(EXERCISE REQUIREMENTS)
Find the string "with" in the records. Copy every line it appears in.

═══ THE DATA

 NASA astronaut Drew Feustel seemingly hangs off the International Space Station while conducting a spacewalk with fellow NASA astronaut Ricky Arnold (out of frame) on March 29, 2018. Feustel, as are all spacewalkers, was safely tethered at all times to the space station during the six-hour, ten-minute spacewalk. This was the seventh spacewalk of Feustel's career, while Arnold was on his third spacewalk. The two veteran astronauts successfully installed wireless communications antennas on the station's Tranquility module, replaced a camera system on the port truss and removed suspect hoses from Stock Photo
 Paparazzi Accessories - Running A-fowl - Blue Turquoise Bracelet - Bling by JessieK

══════
═══ THE DATA

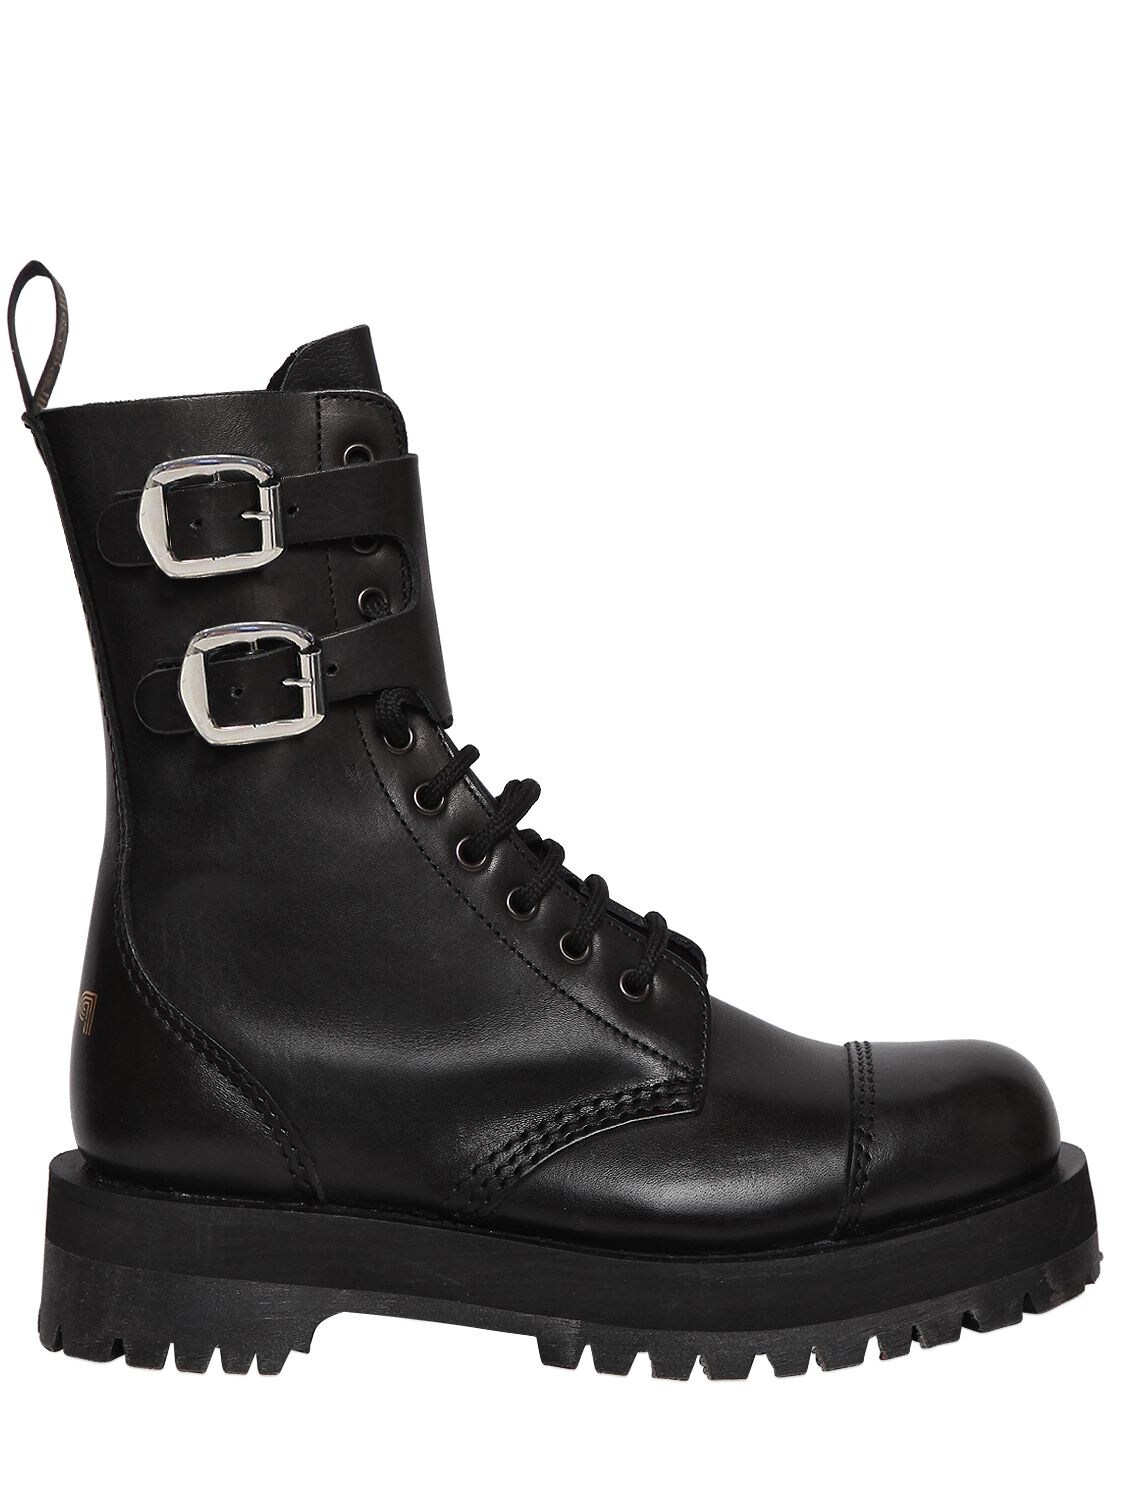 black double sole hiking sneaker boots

══════
═══ THE DATA

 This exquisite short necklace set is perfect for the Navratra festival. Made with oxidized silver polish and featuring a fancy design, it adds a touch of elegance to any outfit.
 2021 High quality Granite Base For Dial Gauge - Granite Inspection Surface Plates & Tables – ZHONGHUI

══════

(TASK ANSWER)
 NASA astronaut Drew Feustel seemingly hangs off the International Space Station while conducting a spacewalk with fellow NASA astronaut Ricky Arnold (out of frame) on March 29, 2018. Feustel, as are all spacewalkers, was safely tethered at all times to the space station during the six-hour, ten-minute spacewalk. This was the seventh spacewalk of Feustel's career, while Arnold was on his third spacewalk. The two veteran astronauts successfully installed wireless communications antennas on the station's Tranquility module, replaced a camera system on the port truss and removed suspect hoses from Stock Photo
 This exquisite short necklace set is perfect for the Navratra festival. Made with oxidized silver polish and featuring a fancy design, it adds a touch of elegance to any outfit.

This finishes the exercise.